PC : Ce nouveau poste est un énorme défi pour l’homme de terrain, déjà bien occupé, que tu es. Comment pourras-tu gérer cette nouvelle casquette européenne avec tout le reste ?
BC : Il va évidemment falloir que je me réorganise au niveau de mes activité. J’ai déjà trois casquette : je suis secrétaire général de la Fédération des marchands, qui malgré qu’elle soit une toute petite association, prend pas mal de temps ; il y a aussi ma ferme, où je n’exclus pas de devoir peut-être réduire le cheptel ; puis évidemment ma société Fabroca, qui commercialise des paillettes en BBB et qui compte 4 employés. Je cherche déjà activement quelqu’un pour me remplacer au quotidien pour la Fédération des marchands, pour me libérer du temps mais aussi pour des raisons déontologiques, je ne peux pas être représentant d’un lobby, même si mon but reste de représenter la filière. Il n’y a aucune incompatibilité pour le reste. Ma priorité est de gérer de manière optimale mon mandat européen, car c’est une chance pour l’agriculture wallonne d’avoir quelqu’un qui soit réellement issu du terrain. Et je vais maintenant devoir me constituer une équipe pour travailler de manière pointue et fouillée. Ma représentation, c’est la représentation du secteur agricole au Parlement Européen. Ce ne sera pas toujours évident, c’est un secteur compliqué où il y a parfois des intérêts divergents, il faudra pouvoir faire des arbitrages. Mais c’est une filière toute entière que je défens, pas juste les marchands. Mon enjeu principal de ces jours-ci sera de m’entourer des bonnes personnes.
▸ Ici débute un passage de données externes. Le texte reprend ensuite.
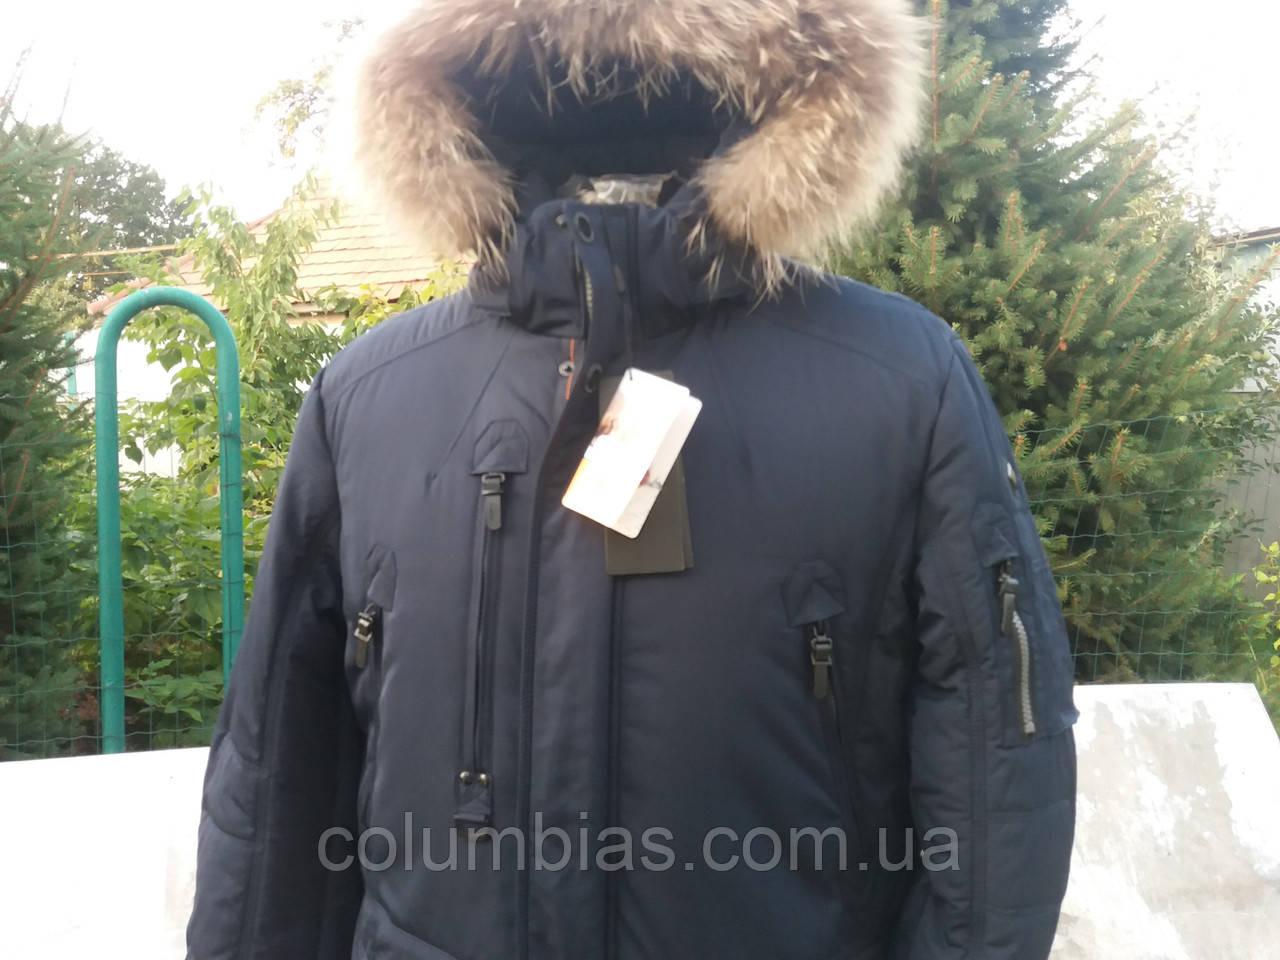 Зимняя куртка для мужчин производства Польша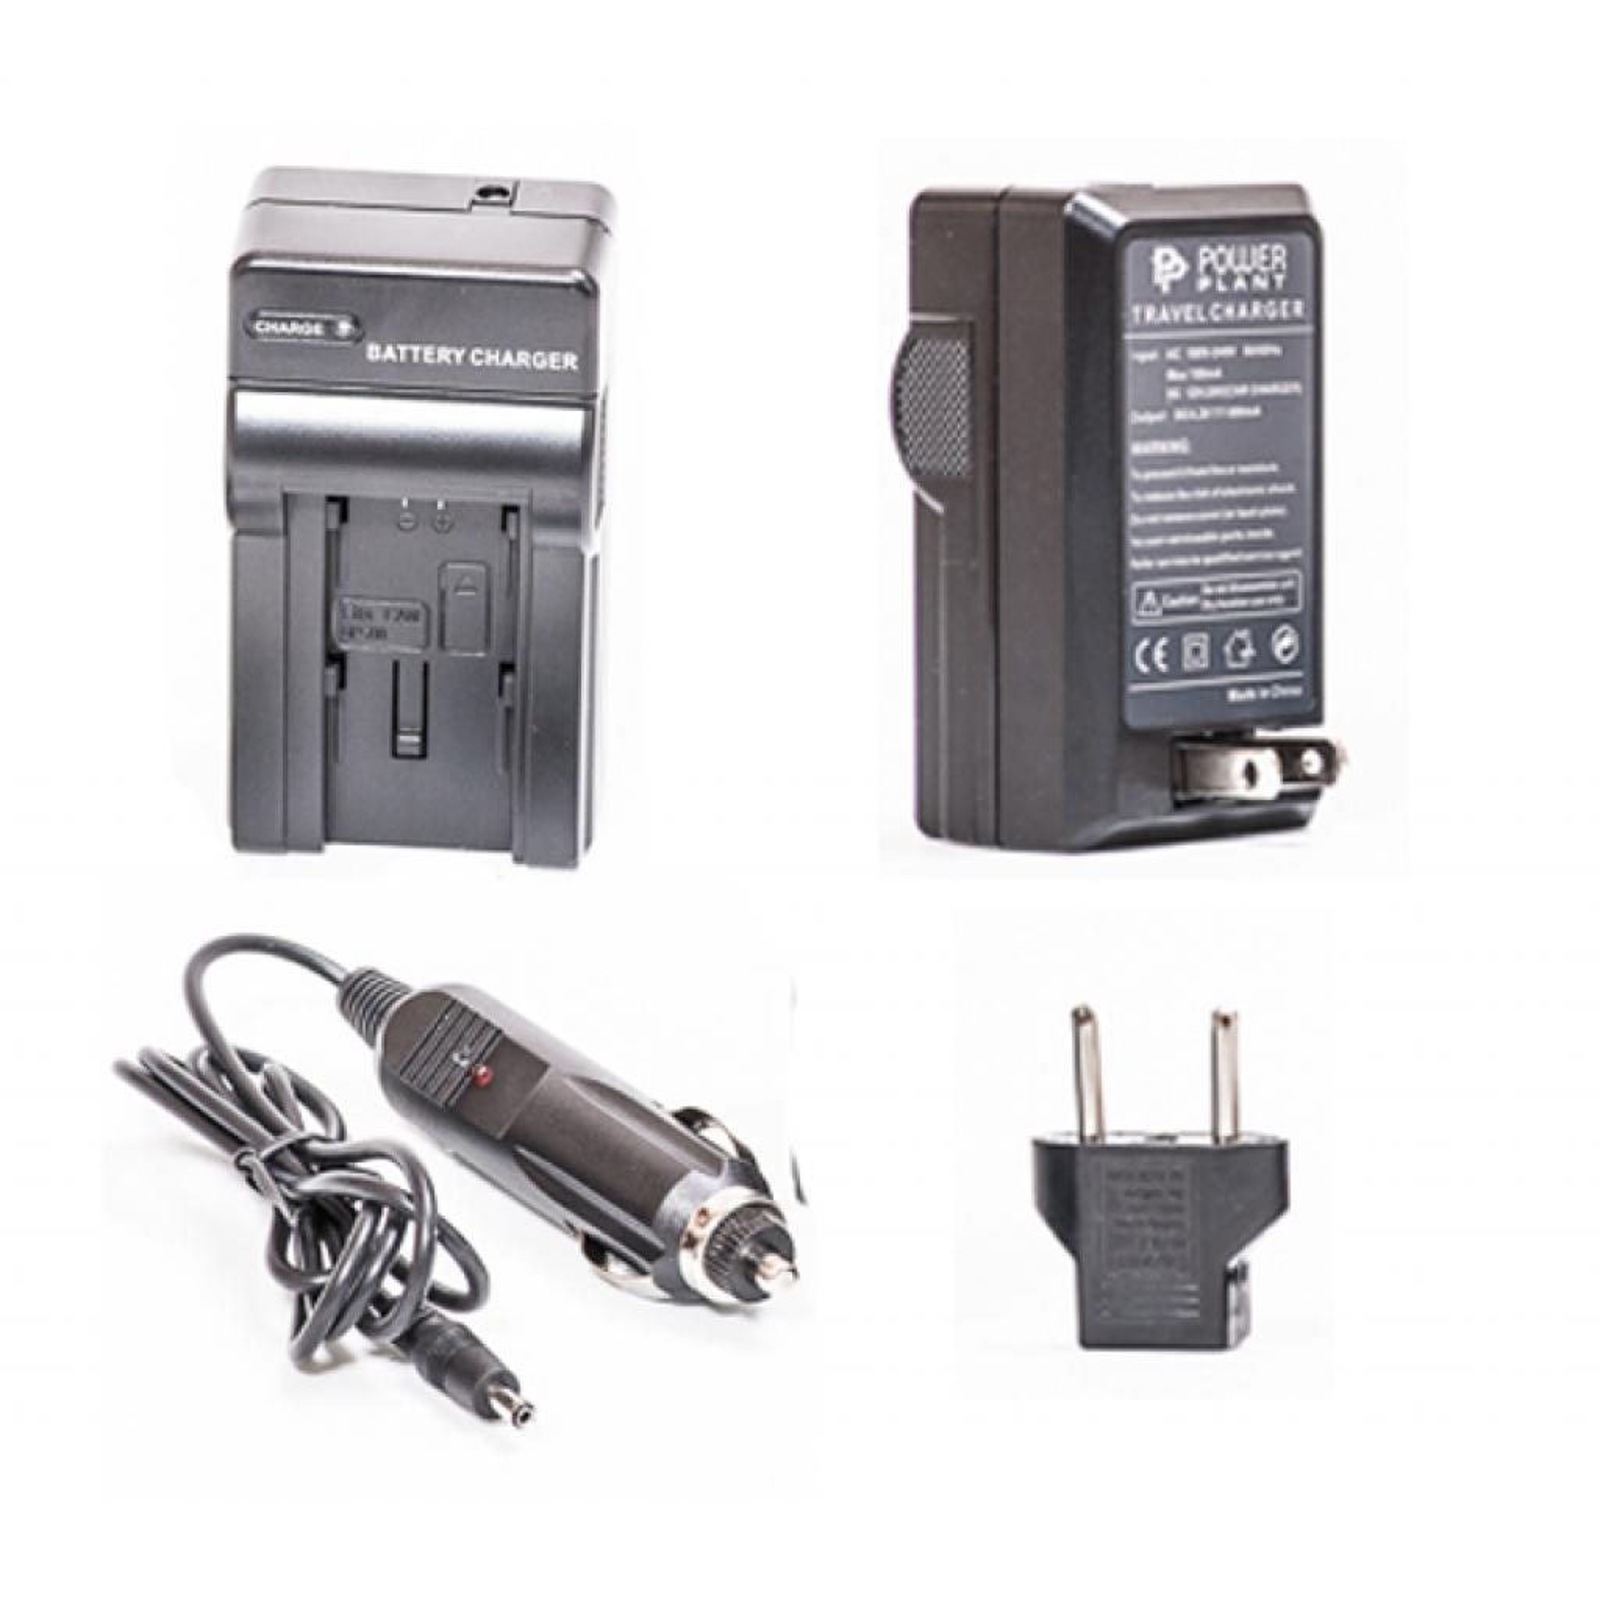 Аккумулятор к фото/видео PowerPlant Canon BP-110 (DV00DV1329) изображение 3

PC : Quand entreras-tu pleinement en fonction ? As-tu déjà pu réfléchir aux commissions que tu souhaiterais rejoindre ?
BC : J’entrerai en fonction le 16 juillet, au moment du premier vote du Parlement Européen, qui sera celui de la présidence du Parlement européen. D’ici là, j’espère être entièrement opérationnel avec une bonne équipe, et m’être déjà penché sur certains dossiers. Pour les commissions, j’ai demandé l’agriculture en priorité évidemment, ainsi que la suppléance pour deux autres commissions, le transport évidemment, dans laquelle devraient se discuter les nouvelles règles en matière de transport animal mais aussi certains enjeux environnementaux, et le fonds européen de développement régional. Nous en avons discuté à trois avec Sophie Wilmes et Olivier Chastel, on compte vraiment collaborer entre les trois selon nos compétences respectives.